From: Graham E. Morbey (firstname.lastname@example.org)
Date: Thu Feb 20 2003 - 12:49:46 EST
It may be that a motivation for believing in the cessation of revelation
is to protect a "high view" of the troublesome inerrancy concept. It
would work in conjunction with the perfect "original autograph" theory
of the Bible to bolster the notion of the Bible's "special revelation"

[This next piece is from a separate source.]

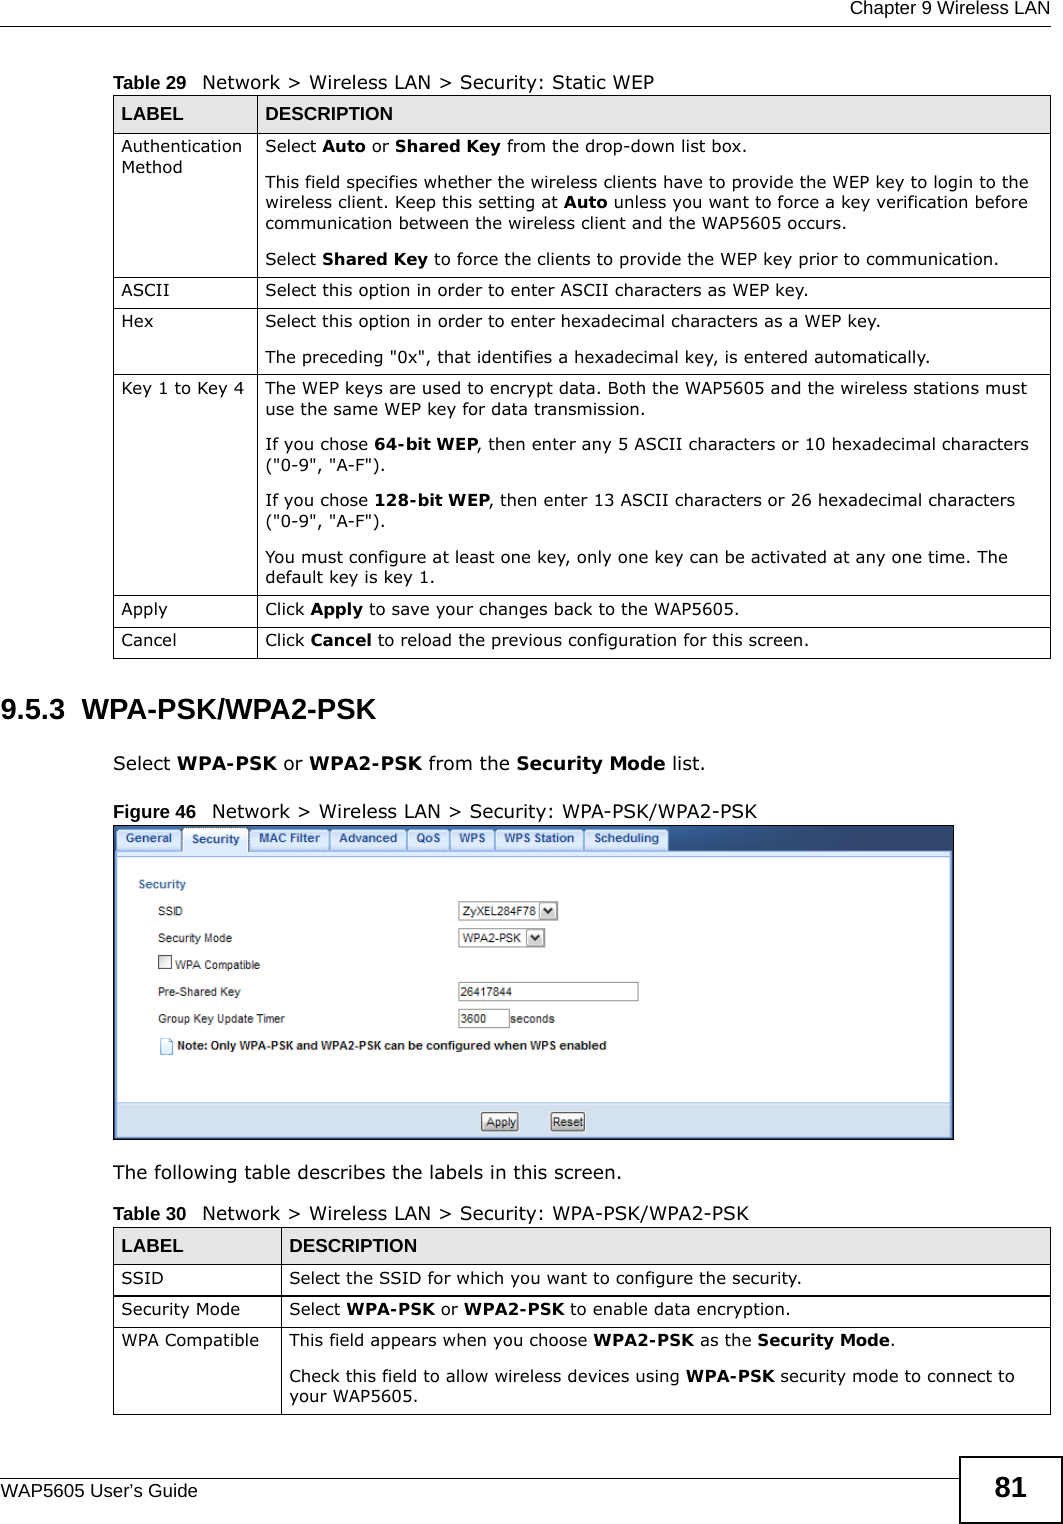  Chapter 9 Wireless LANWAP5605 User’s Guide 819.5.3  WPA-PSK/WPA2-PSKSelect WPA-PSK or WPA2-PSK from the Security Mode list.Figure 46   Network &gt; Wireless LAN &gt; Security: WPA-PSK/WPA2-PSKThe following table describes the labels in this screen.Authentication MethodSelect Auto or Shared Key from the drop-down list box.This field specifies whether the wireless clients have to provide the WEP key to login to the wireless client. Keep this setting at Auto unless you want to force a key verification before communication between the wireless client and the WAP5605 occurs. Select Shared Key to force the clients to provide the WEP key prior to communication.  ASCII Select this option in order to enter ASCII characters as WEP key. Hex Select this option in order to enter hexadecimal characters as a WEP key. The preceding &quot;0x&quot;, that identifies a hexadecimal key, is entered automatically.Key 1 to Key 4 The WEP keys are used to encrypt data. Both the WAP5605 and the wireless stations must use the same WEP key for data transmission.If you chose 64-bit WEP, then enter any 5 ASCII characters or 10 hexadecimal characters (&quot;0-9&quot;, &quot;A-F&quot;).If you chose 128-bit WEP, then enter 13 ASCII characters or 26 hexadecimal characters (&quot;0-9&quot;, &quot;A-F&quot;). You must configure at least one key, only one key can be activated at any one time. The default key is key 1.Apply Click Apply to save your changes back to the WAP5605.Cancel Click Cancel to reload the previous configuration for this screen.Table 29   Network &gt; Wireless LAN &gt; Security: Static WEPLABEL DESCRIPTIONTable 30   Network &gt; Wireless LAN &gt; Security: WPA-PSK/WPA2-PSKLABEL DESCRIPTIONSSID Select the SSID for which you want to configure the security.Security Mode Select WPA-PSK or WPA2-PSK to enable data encryption.WPA Compatible This field appears when you choose WPA2-PSK as the Security Mode.Check this field to allow wireless devices using WPA-PSK security mode to connect to your WAP5605.
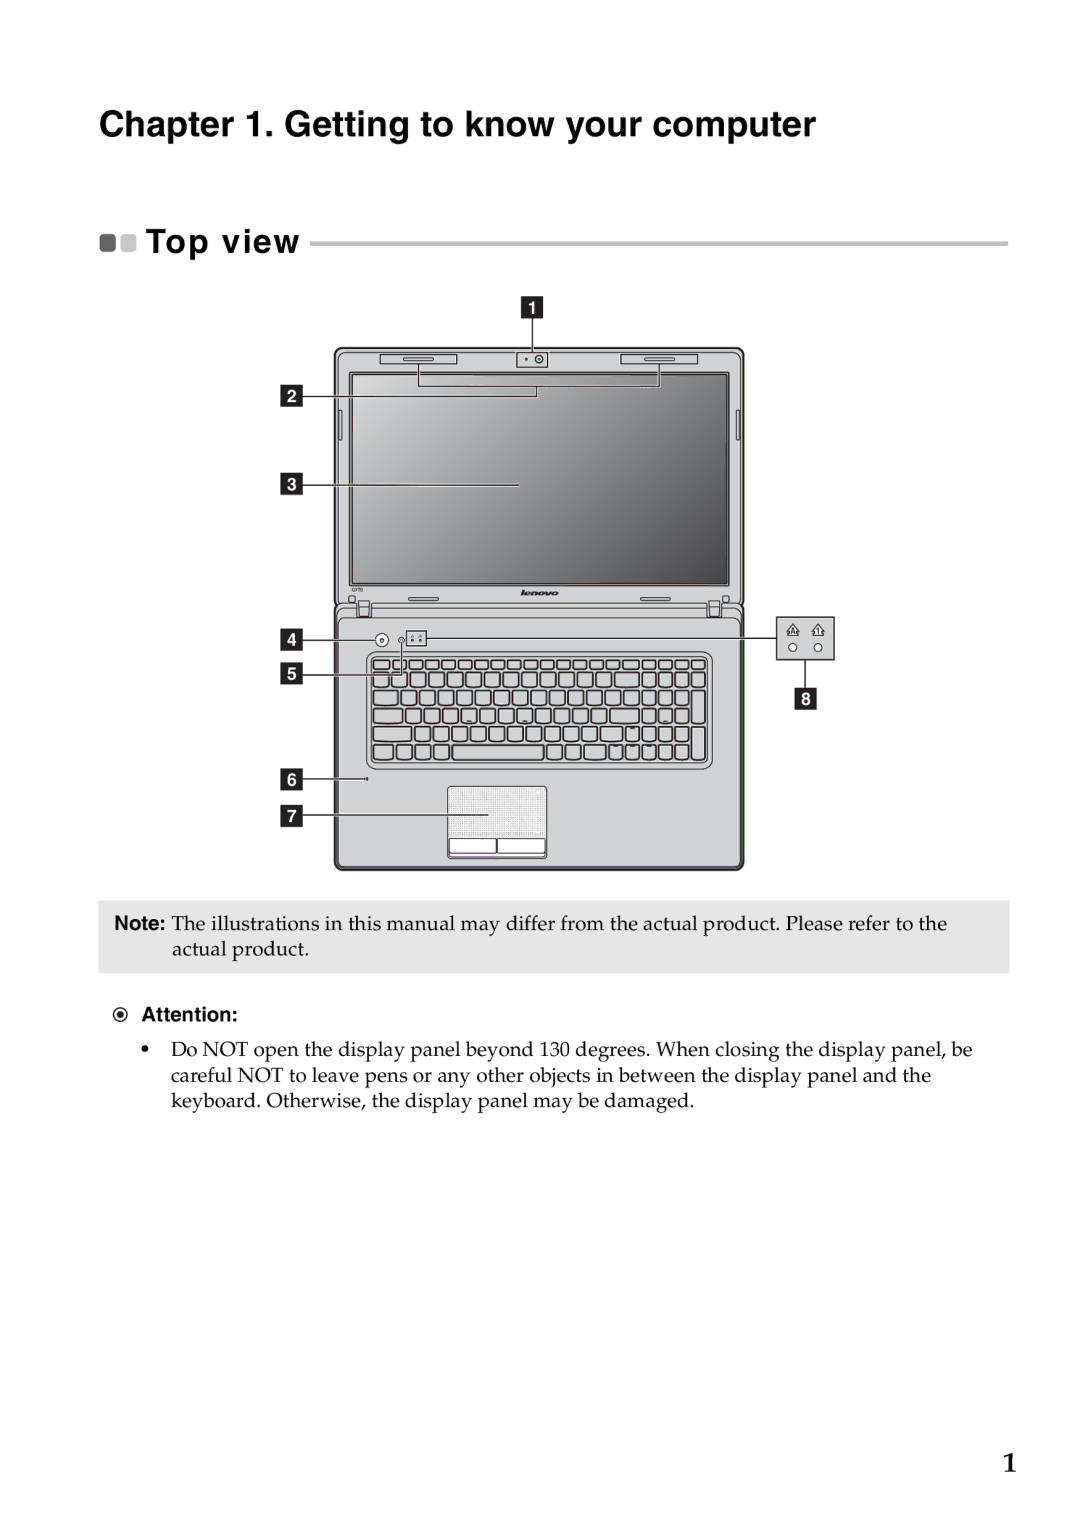 Lenovo G770 manual Getting to know your computer, Top view

character over against "general revelation." A common thread is that
none of these notions has proof texts. The discussion could have some
bearing on the bible/science debate.
This is certainly not a "Jesus told me" rambling!
"Terry M. Gray" wrote:
> The most convincing argument for me for the cessation of new word
> revelation is that put forth by Richard Gaffin in his Perspectives on
> Pentecost in the chapter on The Question of Cessation. This has been
> recently articulated in one of the Three (or Four) Views books
> published by Zondervan.
> It is not a proof-text based argument, but rather a
> redemptive-historical one that recognizes the uniqueness of the
> Christ event and the uniqueness of the apostolic witness to the
> Christ event and the foundational character of the early church
> apostles and prophets. The closest thing to a prooftext is in
> Ephesians 2 where Paul refers to the church being built on the
> foundations of the apostles and prophets. Thus, Acts and the early
> epistles are not normative in this regard--they are foundational and
> not to be repeated events much in the same way that Christ's death on
> the cross and resurrection is a foundational and not to be repeated
> event. There is indication that even by the time of the Timothy
> epistles, Jude, and 2 Peter of an appeal to the authority of the
> apostolic tradition (scripture) rather than to immediate revelations
> of the Spirit.
> I think that Don is mistaken when he says that all Christians accept
> "that Jesus' revelation was the culmination". It's mostly by way of
> lip service. TheJudeo-Christian message is primarily about what Jesus
> did in history to accomplish our salvation--it's not primarily about
> some subjective religious experience or knowledge. Much of
> Christendom is concerned about this subjective religious experience
> with little concern about what God actually accomplished in Christ
> 2000 years ago.
> The Jesus told me (apart from the Word) piety of much of modern
> evangelicalism is equally suspect. That which unites traditional
> Roman Catholic theology/piety, Pentecostal and charismatic theology,
> and many non-Christian religions is religious experience. The
> emphasis on the objective, historical facts of the doing and dying
> and rising again of Jesus Christ distinguishes Biblical Christianity
> from all these things.
> Now, having fired my theological blast, I do want to remind us again
> of the purposes of this group. As a group we're not interested in
> general issues of theology (such as this one), or general issues in
> politics or social concerns, but the intersection of Christian faith
> (as outlined in the ASA statement of faith) and scientific concerns.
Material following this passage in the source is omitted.